She is credited with elevating the status of her relatives, as was the custom of the time for the position of a royal consort. Members of her family were given titles and lands under the mansabdari system, along with valuable gifts. Three of her brothers were ennobled with the titles Niamat Khan, Namdar Khan, and Khanzad Khan. Other members of the Kalavant class were elevated as well. These actions invited the ire of established courtiers, for they felt their own positions had been sullied by the inclusion of lower class persons. One such courtier, Wazir Zulfiqar Khan, went as far as arresting her brother, Khushal Khan, on the charge of assaulting a girl, to keep him from being appointed Subedar of Multan.

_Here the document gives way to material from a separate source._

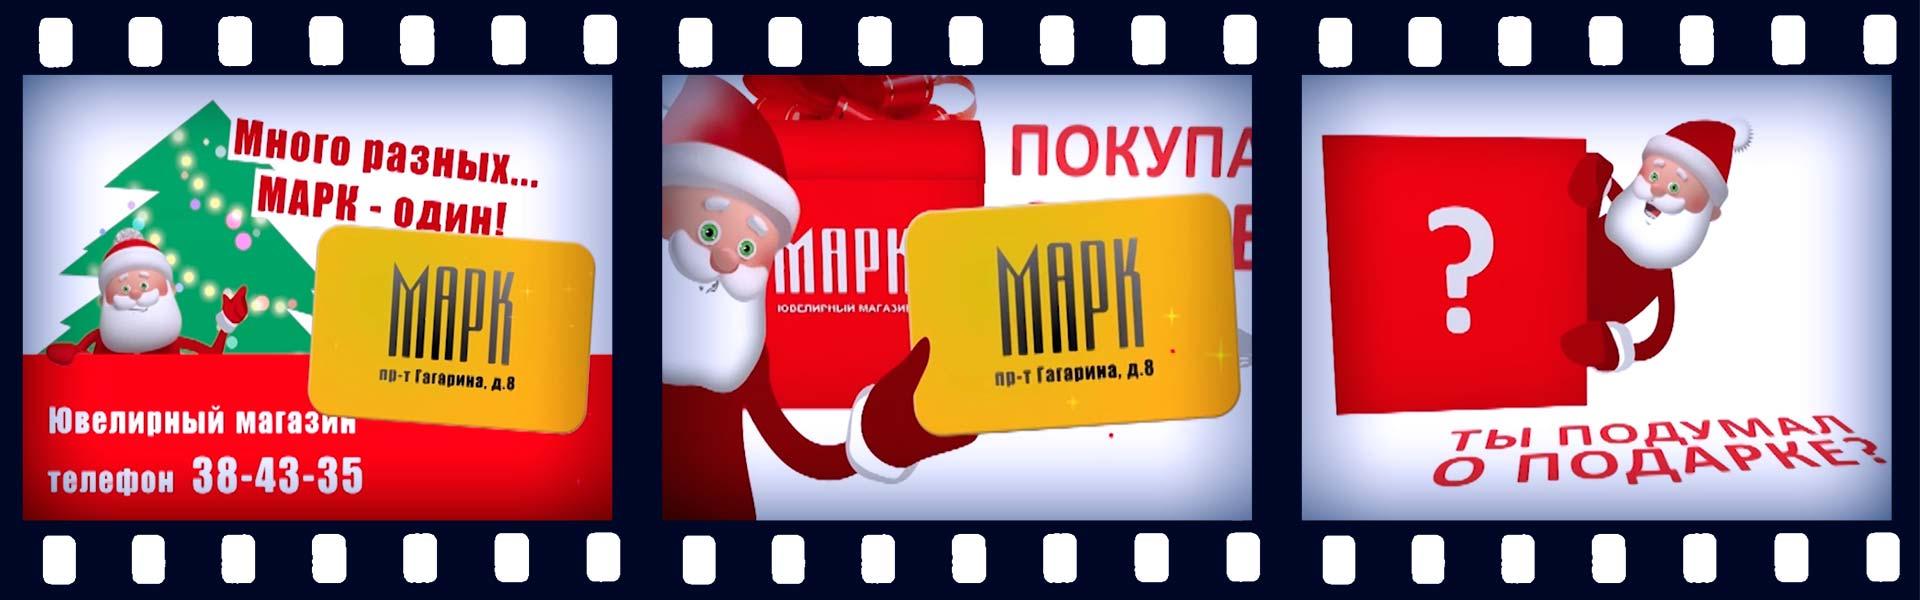 Новогодняя телереклама салона ювелирных украшений «Марк»

Comparisons have been made to Nur Jahan, who also exercised considerable influence over the placement of her own relatives. Like Nur Jahan, Lal Kunwar received a massive allowance, as well as fortunes in jewels and goods. She was permitted to use the emperor's standard and drums, and was attended by a procession of five hundred men. Emperor Jahandar Shah consulted her about his stressful and dilemma matters, both public and private, But she did not have much opinion about his affairs and court intrigues. Unlike Nur Jahan, she did not influence the policy of the state and her interests seem confined to devotion to her family and emperor. She was more occupied with comfort and pleasure with relative carelessness in the harem and encouraged Jahandar Shah to keep his mind away from political matters and turn to enjoying life to avoid worries.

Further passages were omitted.